■ WORK INSTRUCTION ■
Leaving the pictures aside, reproduce the data in full and word for word.

■ GIVEN DATA ■
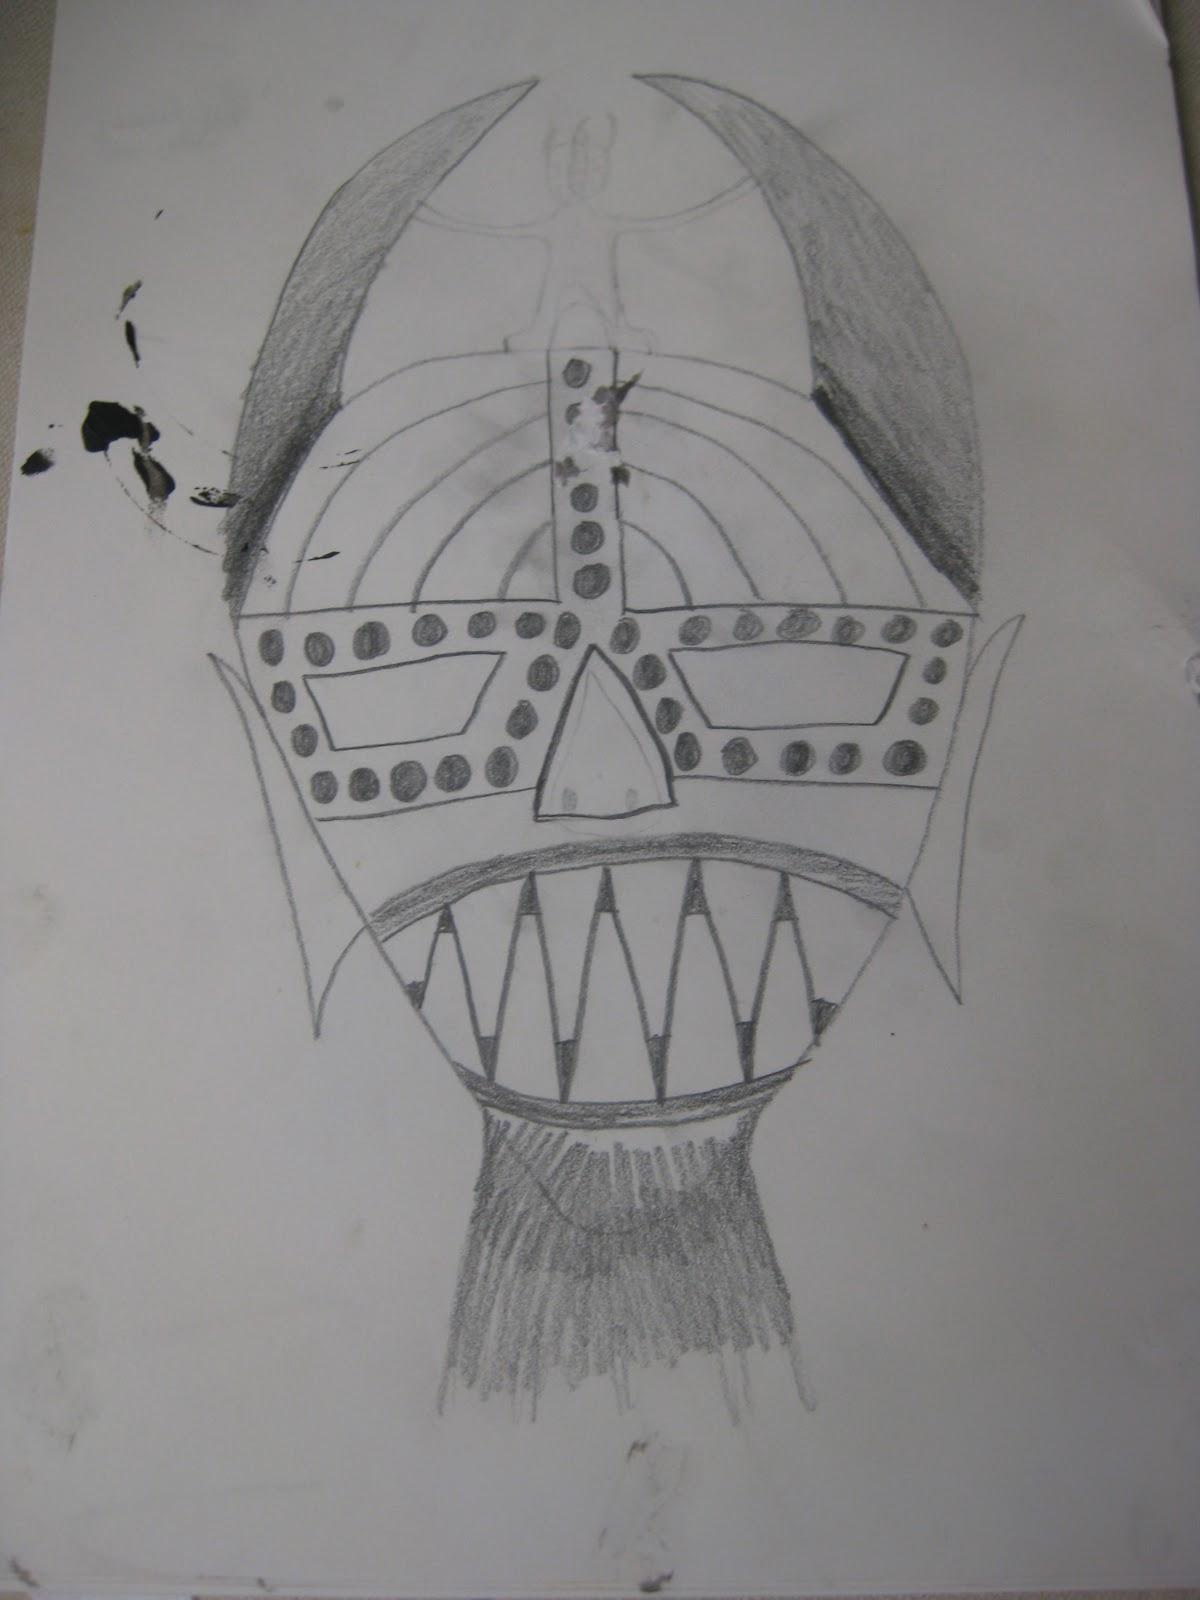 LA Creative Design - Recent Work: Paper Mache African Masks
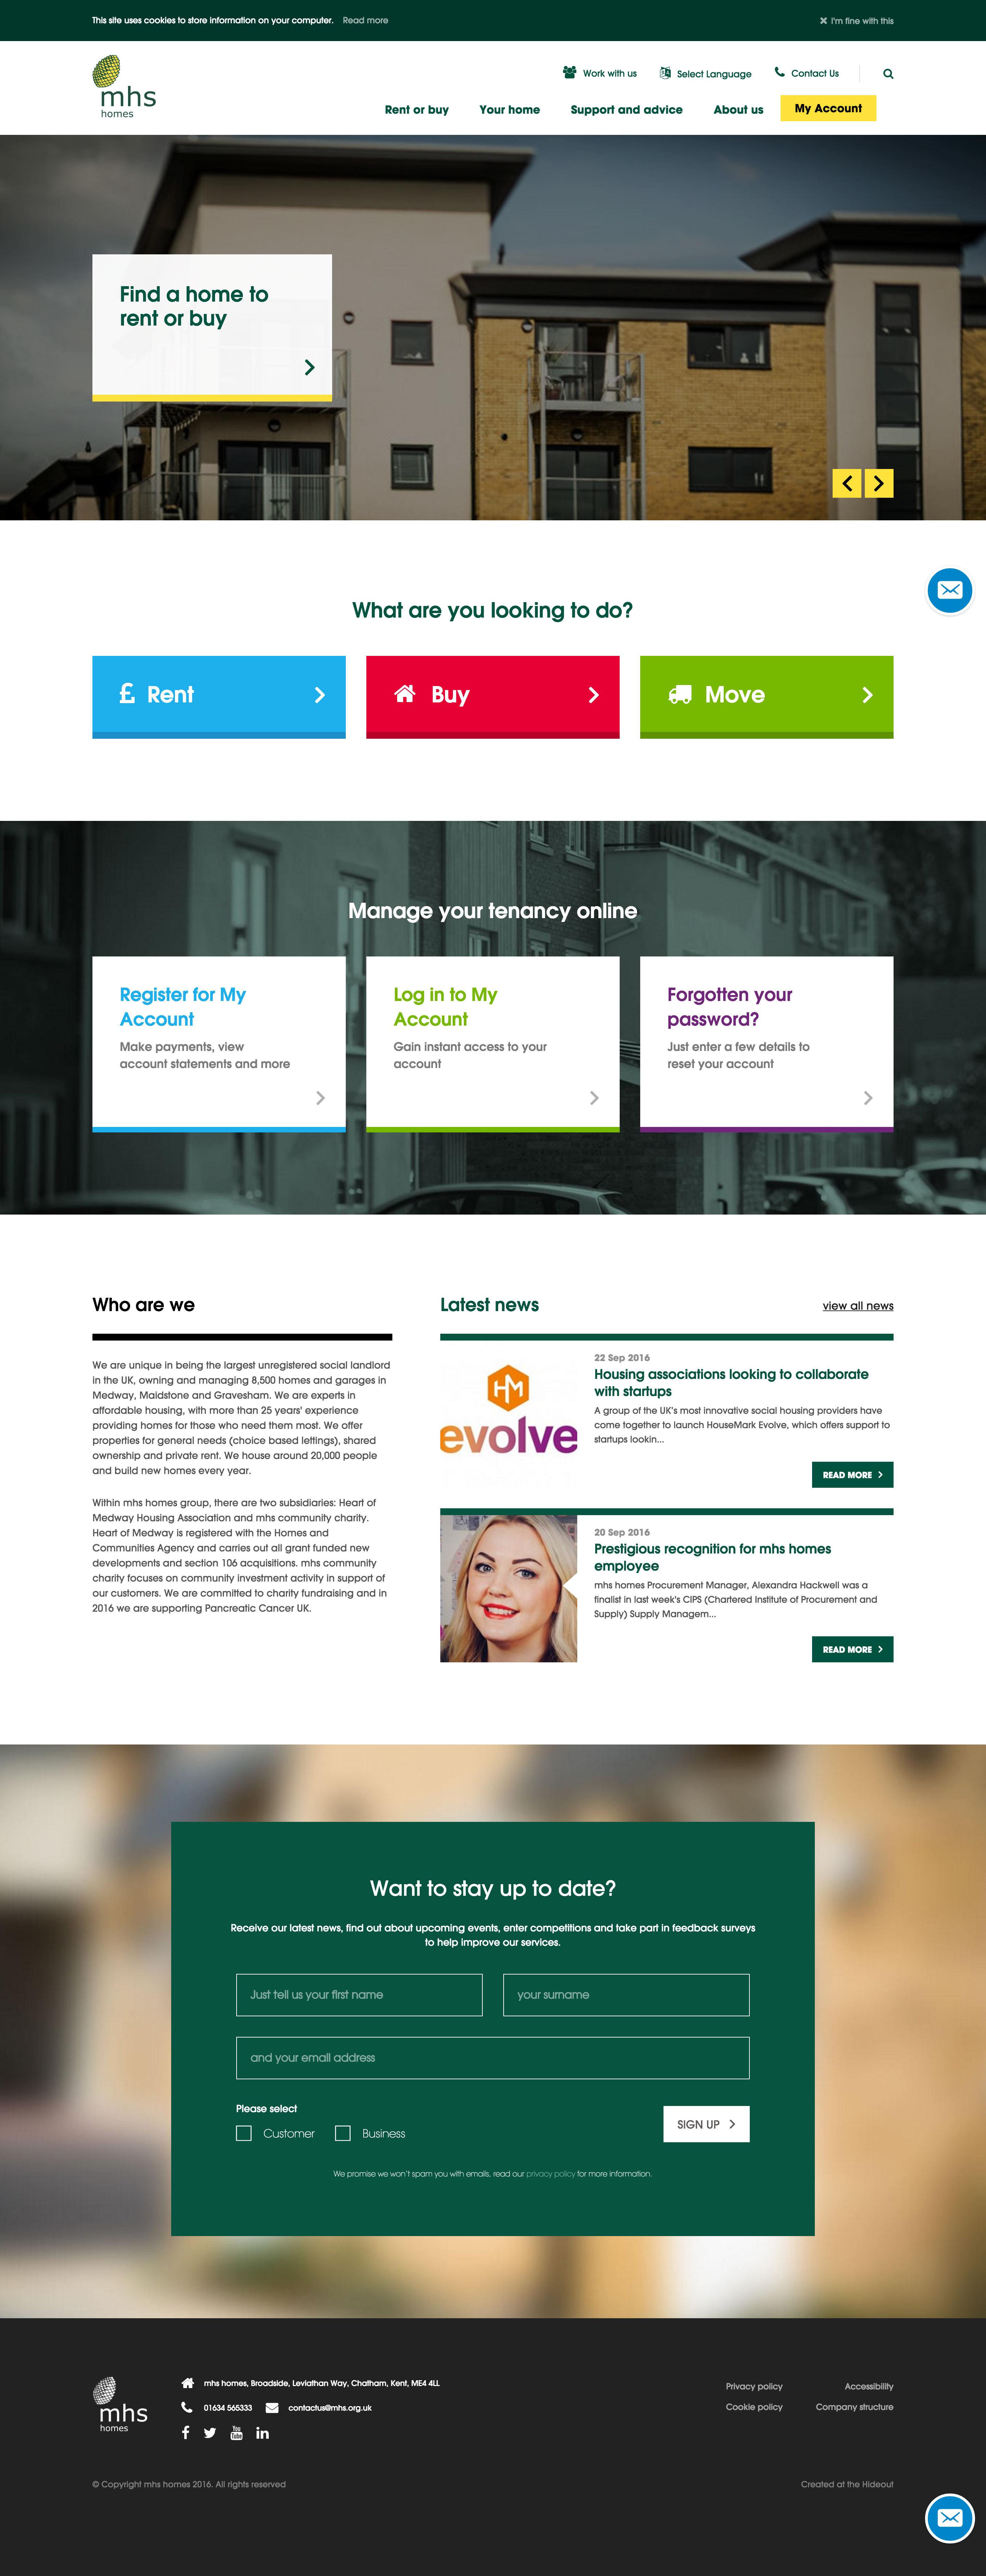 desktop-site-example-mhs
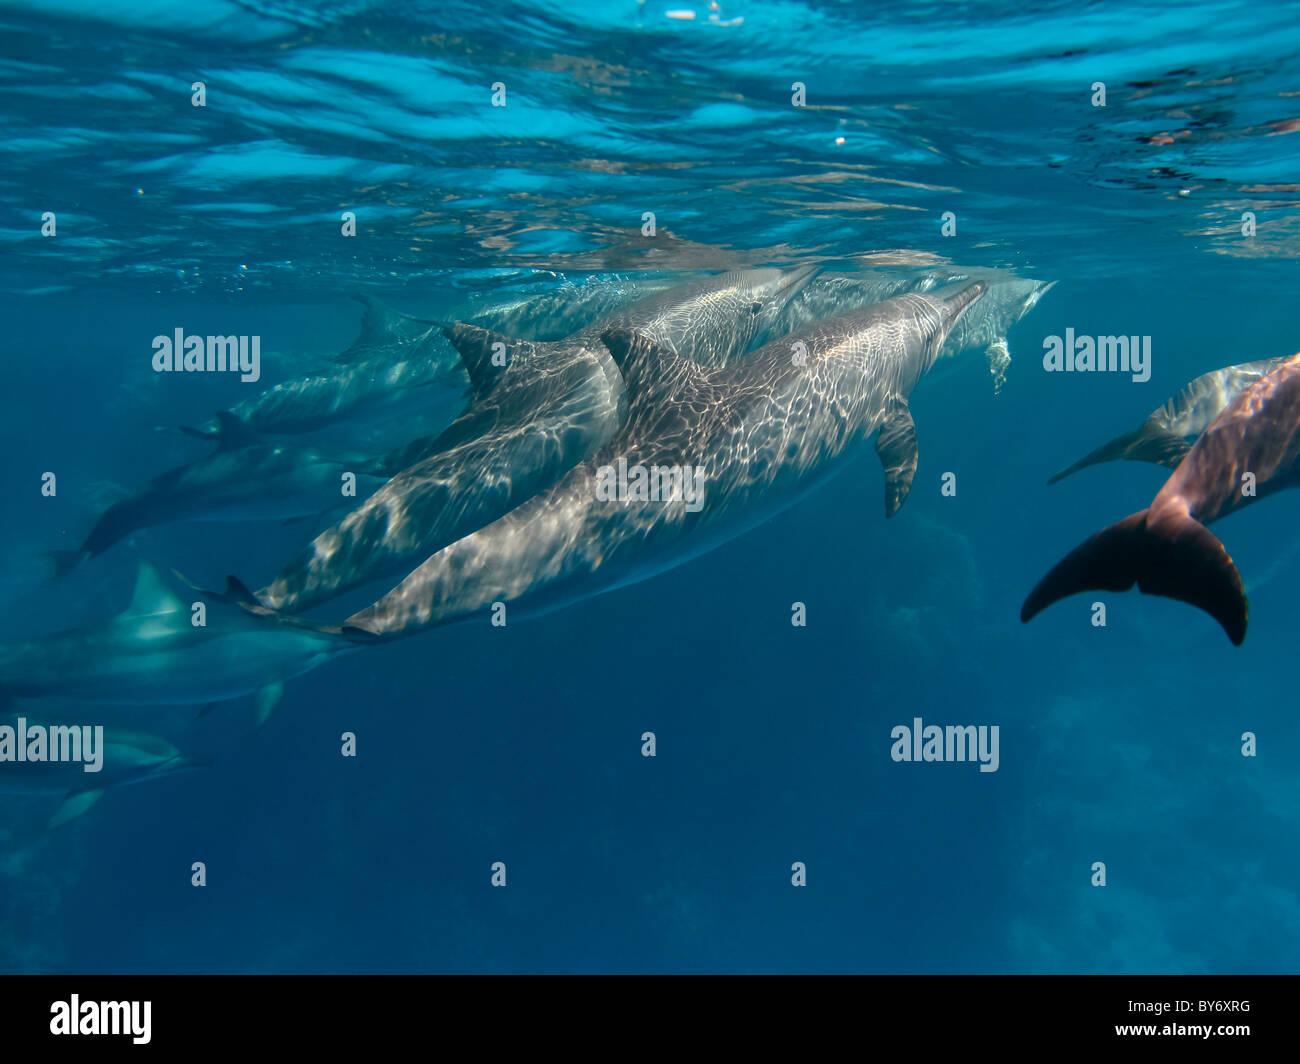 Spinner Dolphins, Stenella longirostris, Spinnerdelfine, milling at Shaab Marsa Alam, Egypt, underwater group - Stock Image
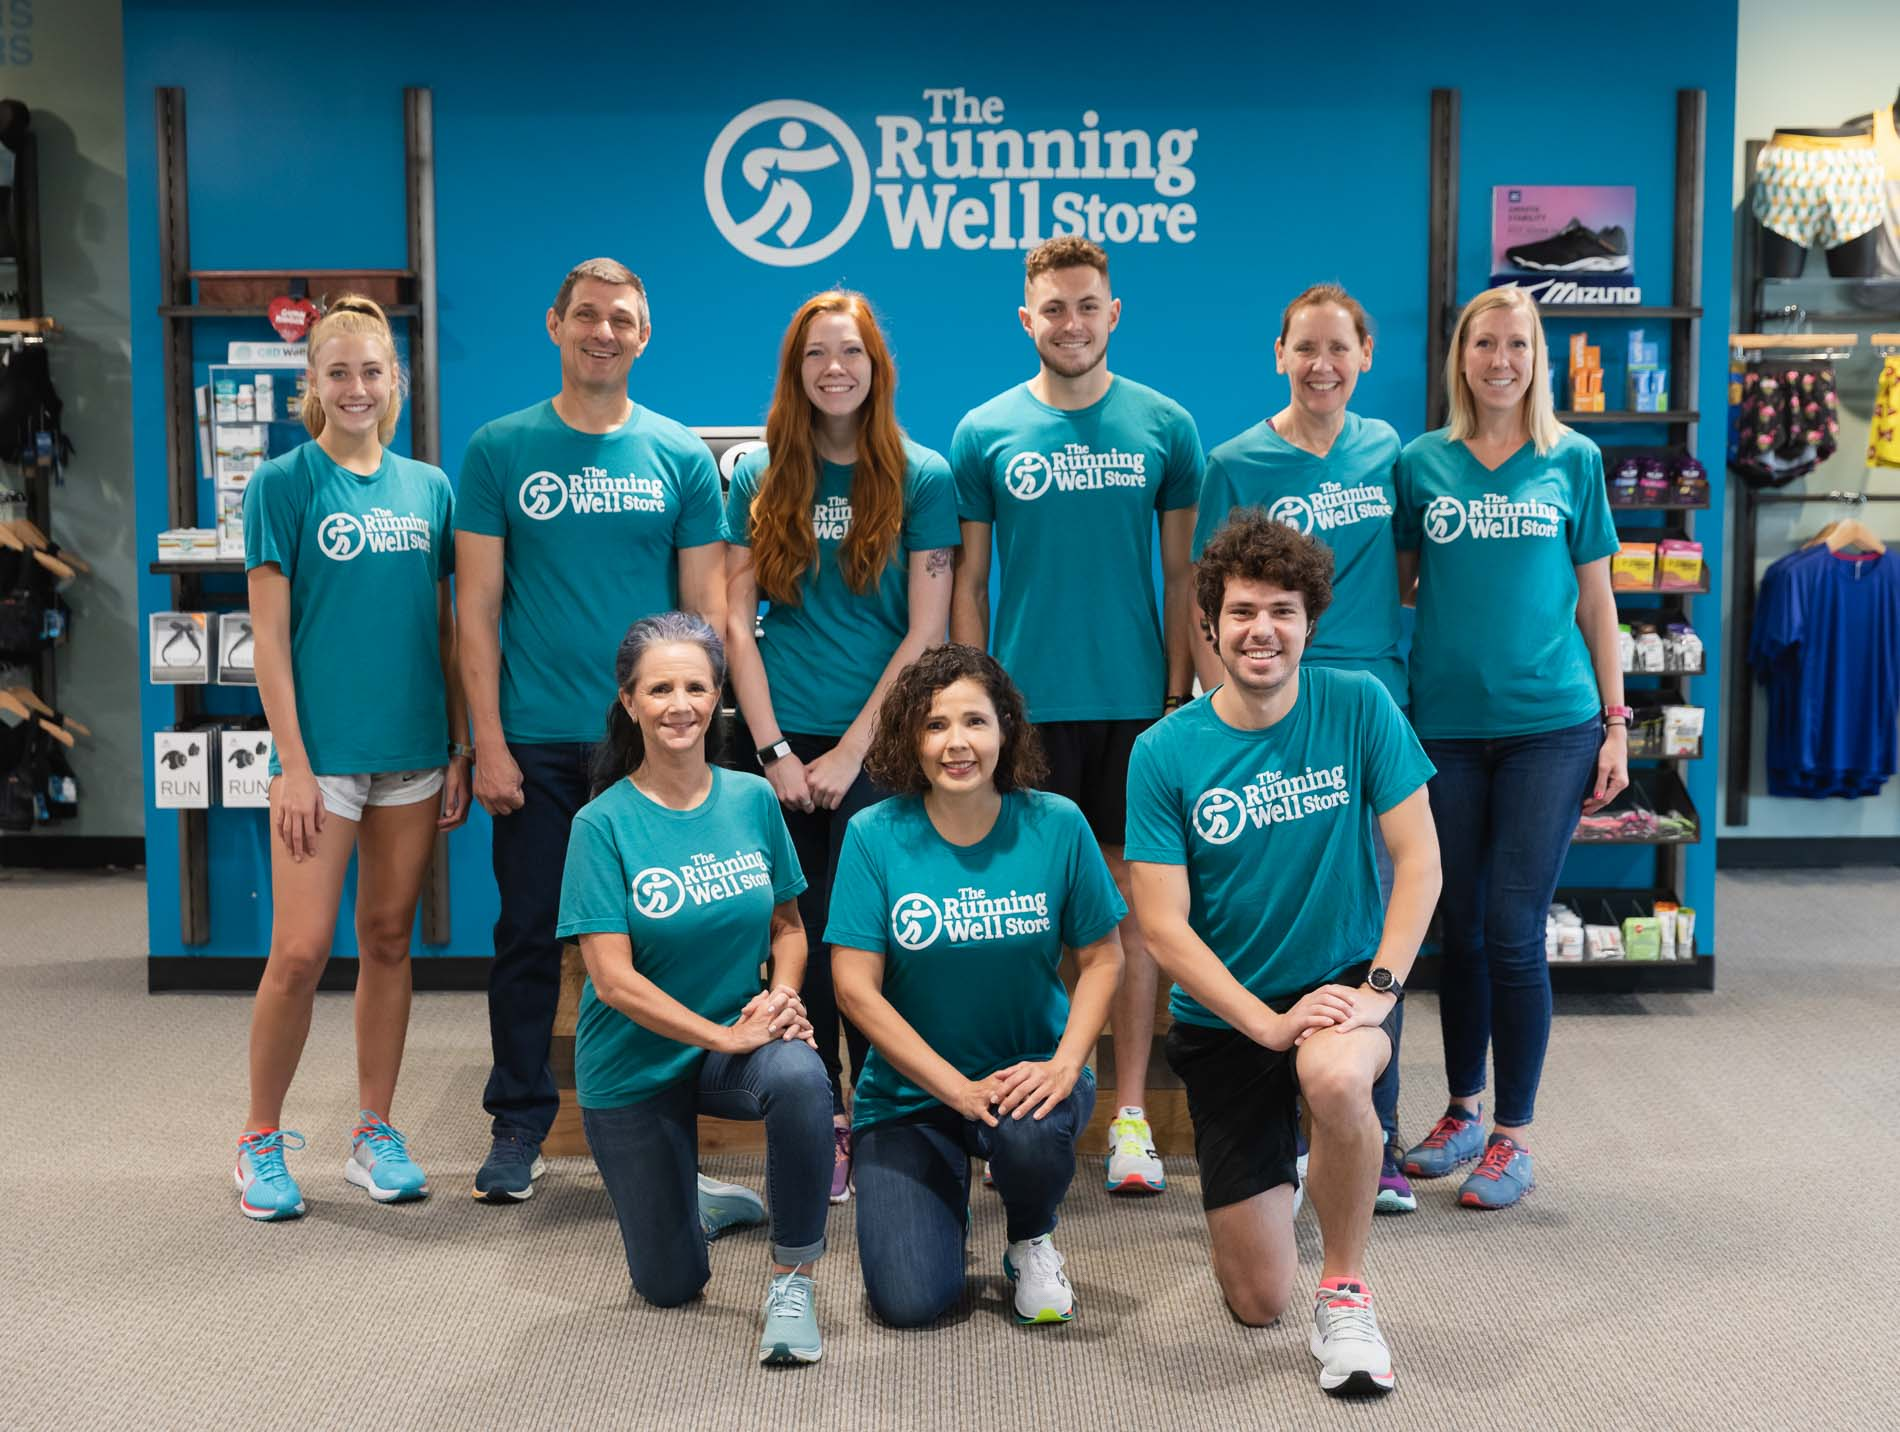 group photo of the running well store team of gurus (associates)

■ YOUR SOLUTION ■
 LA Creative Design - Recent Work: Paper Mache African Masks
 desktop-site-example-mhs
 Spinner Dolphins, Stenella longirostris, Spinnerdelfine, milling at Shaab Marsa Alam, Egypt, underwater group - Stock Image
 group photo of the running well store team of gurus (associates)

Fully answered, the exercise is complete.